A través de la protagonista, enseguida evocamos una temporada en Italia, en 1933, en la que alegres aristócratas de diversos países, coinciden en una mansión en la que pasan alegremente lo que parecen unas alocadas vacaciones. Esta es la parte viscontiniana de la película, con escenas y planos que parecen salidos de la cámara del director italiano: decadencia, lujo, exquisitez y transgresión moral y sexual a partes iguales.
La rigurosa y dolorosa reconstrucción de la vida de un campo de concentración, lugar donde se reproducirá el reencuentro del aristócrata alemán y la joven rusa, ha venido precedida de la «conversión» del joven aristócrata a la ideología nazi, una suerte de adiós a la riqueza y sus posesiones que el director describe con una elegancia comparable a la de la cámara de Ophüls. Lo llamativo de la situación es que el joven abraza la causa nazi cuando todo parece indicar que van camino del desmoronamiento final, que él asume, sin embargo, como un deber, como una exigencia de «casta». Es sumamente extraña dicha adhesión a ese «Paraíso» que sigue defendiendo incluso tras la muerte, como si hubiera llegado al Walhalla, en vez de ante el juicio final cristiano.
El desarrollo de la relación entre los dos protagonistas de la película adquiere, en el campo de concentración, un parecido, aunque sin la perversión notable de la película de Cavani, con Portero de noche. De hecho, incluso varios rollos de película que él proyecta en su cabaña del campo de concentración, mientras ella atiende a sus labores de doncella del oficial, les devuelven a ambos a los tiempos felices de su encuentro en Italia, cuando eran otros muy diferente de quienes ahora son. Y por aquí nos vamos acercando a un desenlace en el que la presión de los aliados obliga, propiamente, a la «desbandada» caótica en la que se producen no pocas asunciones dramáticas de responsabilidades, antes de que les sean judicialmente exigidas por los vencedores de la guerra.
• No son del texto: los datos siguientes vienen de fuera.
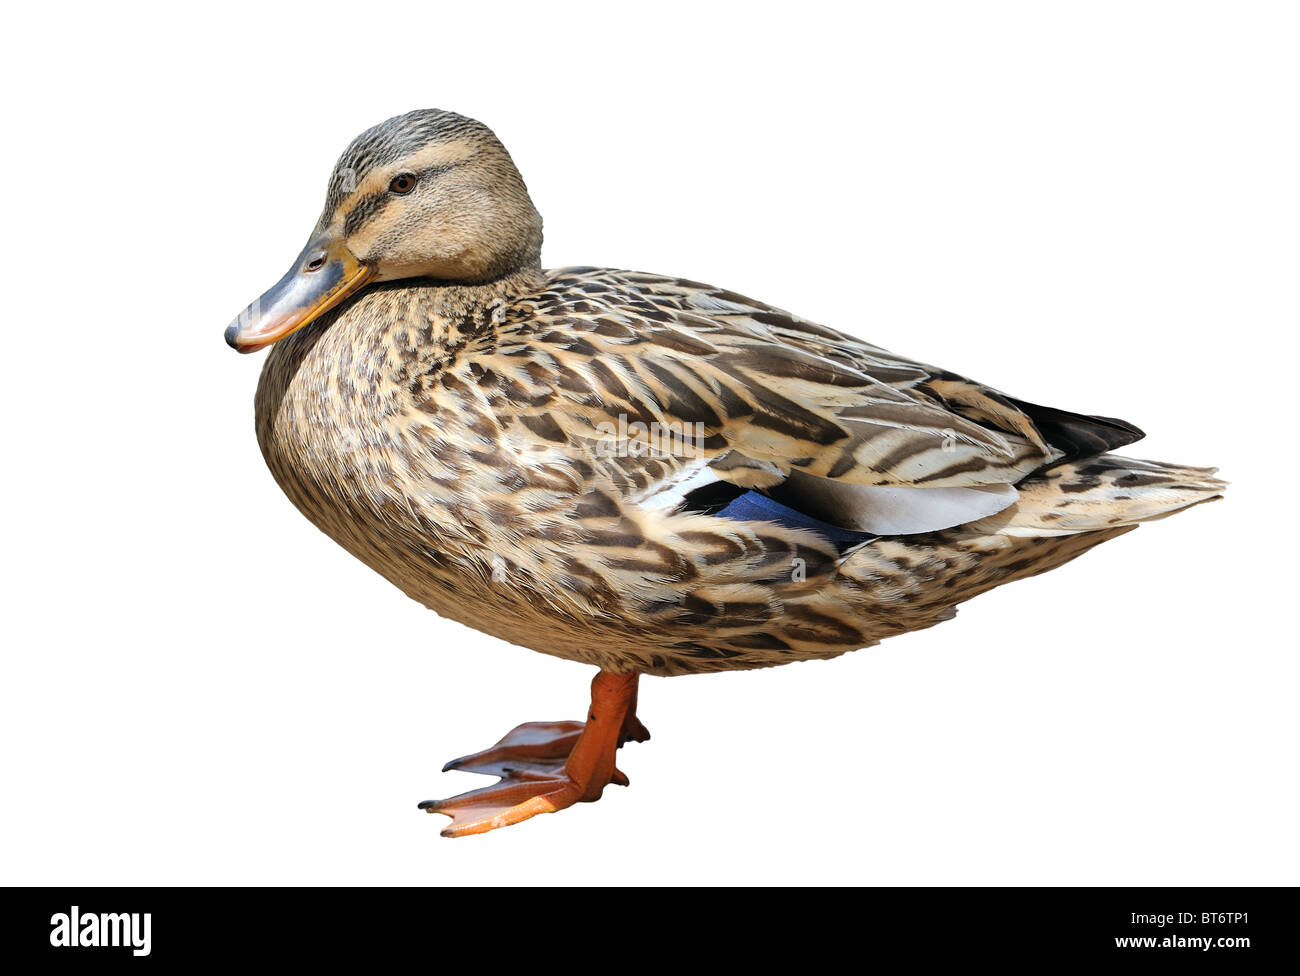 Duck at the zoo, isolated Stock Photo

Las interpretaciones de los tres protagonistas, sobre todo en sus confesiones ante la cámara, son de un altísimo nivel. ¡Con qué placer narrativo se siguen sus declaraciones! ¡Con qué encogimiento de ánimo las revelaciones de ella! Paraíso es una película con un guion extraordinario: nada queda al azar. La sucesión de las diferentes fases de la historia nos va llevando por sus hechos contados a un desarrollo dramático capa de encogernos el corazón y  de hacernos temblar de horror ante lo incomprensible de ciertas conductas en ciertas personas con cierta formación…
Paraíso es una película sutil y persuasiva. La perversión de los ideales es su tema central, y cómo afectan a la vida cotidiana y el destino último de las personas que se enfrentan a ellos. Hay, y espero no revelar demasiado, cierto espiritualismo en el desenlace que puede parecer infantil, según y cómo, pero que, narrativamente, funciona con un carácter compensatorio evidente, y necesario.